This transition is a demand that legacy securities infrastructure has not encountered. In traditional securities, the authority subject is fixed at issuance and invariant to maturity. A structure in which the authority subject itself dissolves and reforms in response to a state change called mature certification means that the token layer must atomically reflect time-axis changes in the authority metadata.
Here the infrastructural implication of the Mature Blockchain System four-part test reappears. Whether the four requirements are met is the condition for legal reclassification, but the state of meeting them is determined by the infrastructure layer. The law does not merely impose an infrastructure specification one-directionally; the law also recognizes the legal classification on the basis of whether the infrastructure has reached the required state. A two-way relation is established.

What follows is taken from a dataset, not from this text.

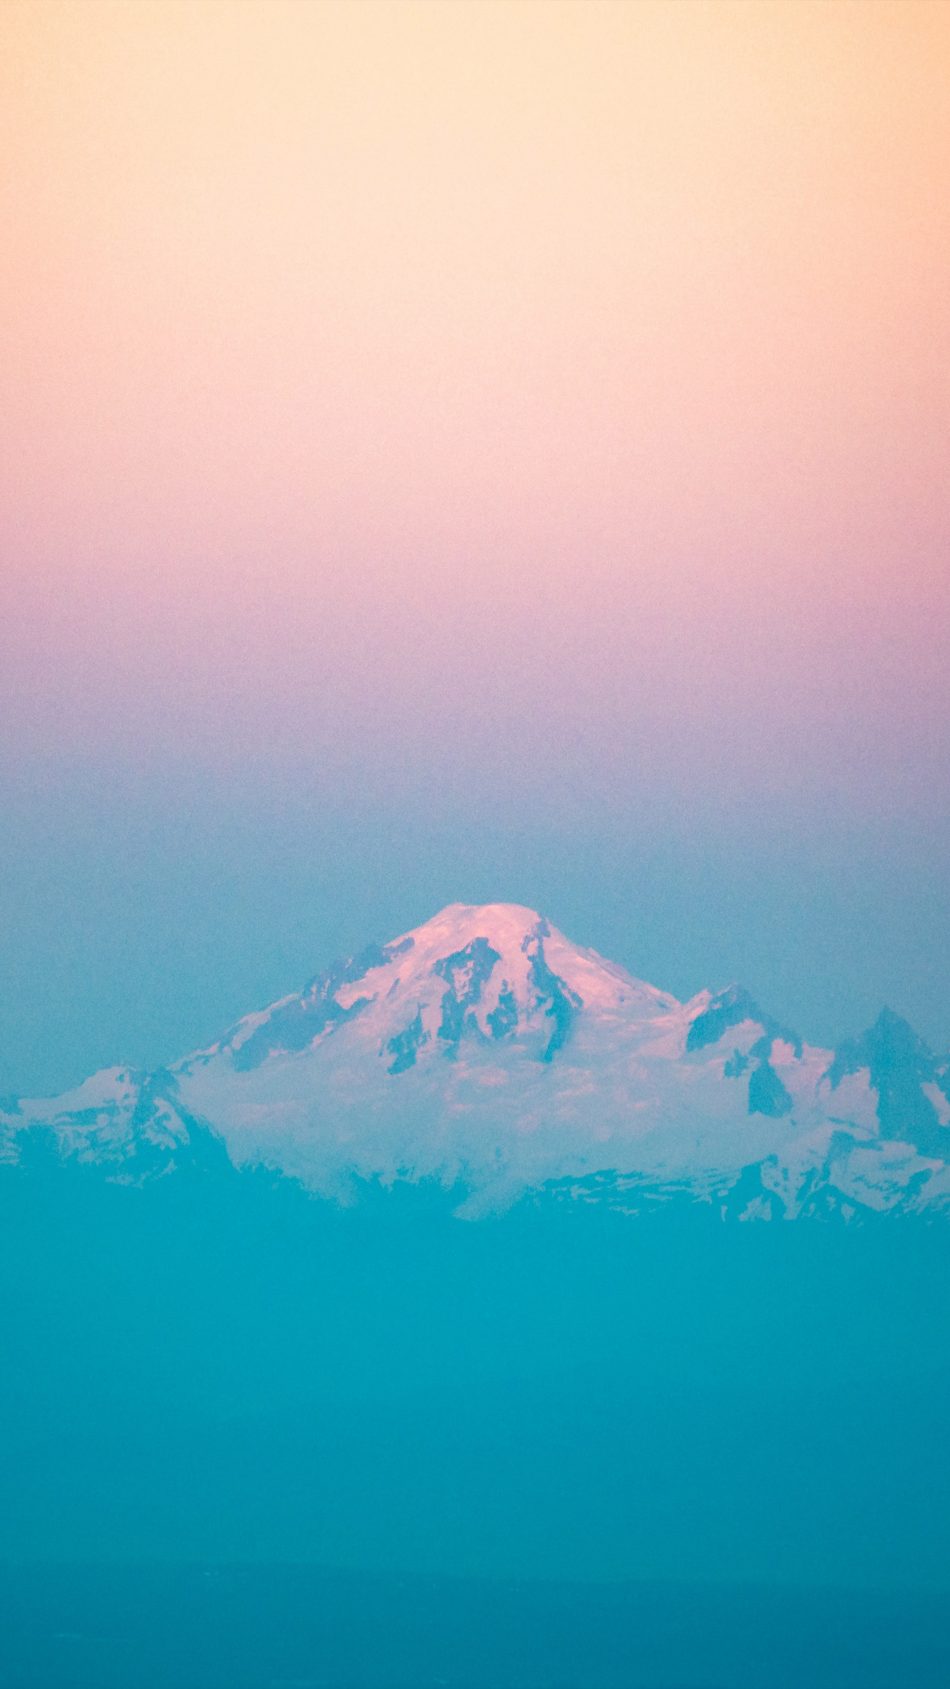 Mountain Peak Sunset Orange Blue Mist 4k & Ultra Hd - Summit , HD Wallpaper & Backgrounds

Specification 4: Tokenizability-Specific Requirements
Maturity, asset class, transfer restrictions, atomic issuance and burning are requirements specific to tokenization itself. Bonds mature. Dividends are paid. Voting rights exist. Stock splits occur. Corporate actions happen. Unless these temporal, categorical, and restrictive properties of a security are reflected atomically at the token layer, the delivery method proposition tokenizes only the shadow of a security, not the security itself.
This is a region that existing securities law did not explicitly require. In paper securities or in the DTCC registry, atomicity was a self-evident assumption. At the token layer, atomicity is a property that must be proven. The delivery method proposition assigns the burden of that proof to the token infrastructure.
Specification 5: Privacy under Compliance
The confidentiality of securities transactions and the traceability required by regulators must be satisfied simultaneously. Institutional investors prefer to conceal portfolio exposure. Regulators require tracking of counterparty information to satisfy the FATF Travel Rule and KYC/AML. If the two requirements cannot be satisfied at once, one side becomes impossible in principle.
In legacy securities infrastructure this balance is achieved by the separated authority model between DTCC and the transfer agent. Who can see what is guaranteed by institutional separation. When institutional separation disappears at the token layer, the simultaneous satisfaction of confidentiality and traceability must rely on cryptographic mechanisms.
This dimension is not explicitly addressed by CLARITY. However, if the delivery method proposition imposes every requirement of existing securities law on the token layer, the requirement of simultaneous confidentiality and traceability is imposed alongside. It is a representative case of a specification that is not visible on the surface but is derivatively forced.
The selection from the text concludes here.